Martin was the first surfing correspondent to The Times (London) and had the first-ever surfing column in a major newspaper in Britain (The Independent on Sunday).

Martin led a course in creative non-fiction at the Arvon Foundation in November 2009.

Waiting for Bardot was first optioned by Working Title. It is now scheduled to be made into a feature film directed by Will Frears, with shooting to begin in the near future.
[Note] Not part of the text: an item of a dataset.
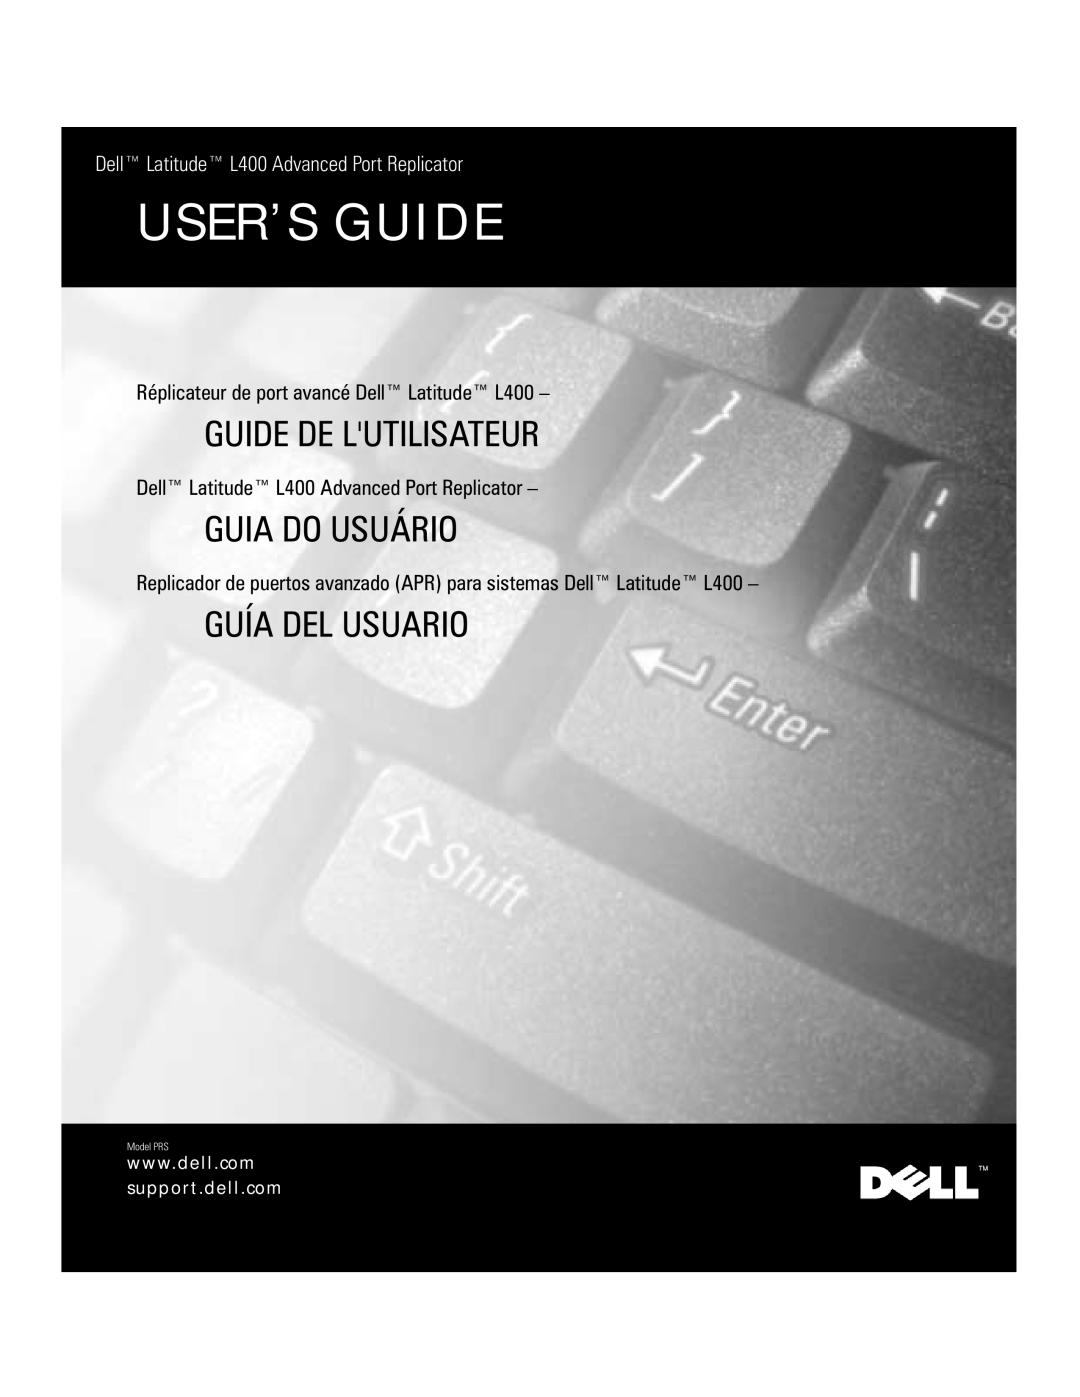 Dell service manual Dell Latitude L400

His latest book, published by Simon & Schuster in 2012, is The Boxer and the Goalkeeper: Sartre vs Camus. The Scotsman describes it as "an elegant study, ... one of the most accessible and intelligent books on philosophy I have read this year, as alert to the human drama as the intellectual conflict, and unfailingly observant to the nuances and subtexts".

==Academic life==
He has been a lecturer in the department of French at the University of Cambridge since 1990. His PhD is from King's College, Cambridge, on the subject of the knowledge of ignorance. He has been an associate research fellow at the Rutgers Center for Historical Analysis and a visiting scholar at Columbia University. In 2009, he was awarded a fellowship at the Cullman Centre for Scholars and Writers of the New York Public Library.

Martin was interviewed by the University of Cambridge Varsity newspaper in the May Week issue no. 699 and described as "something of a whispered myth amongst his many students".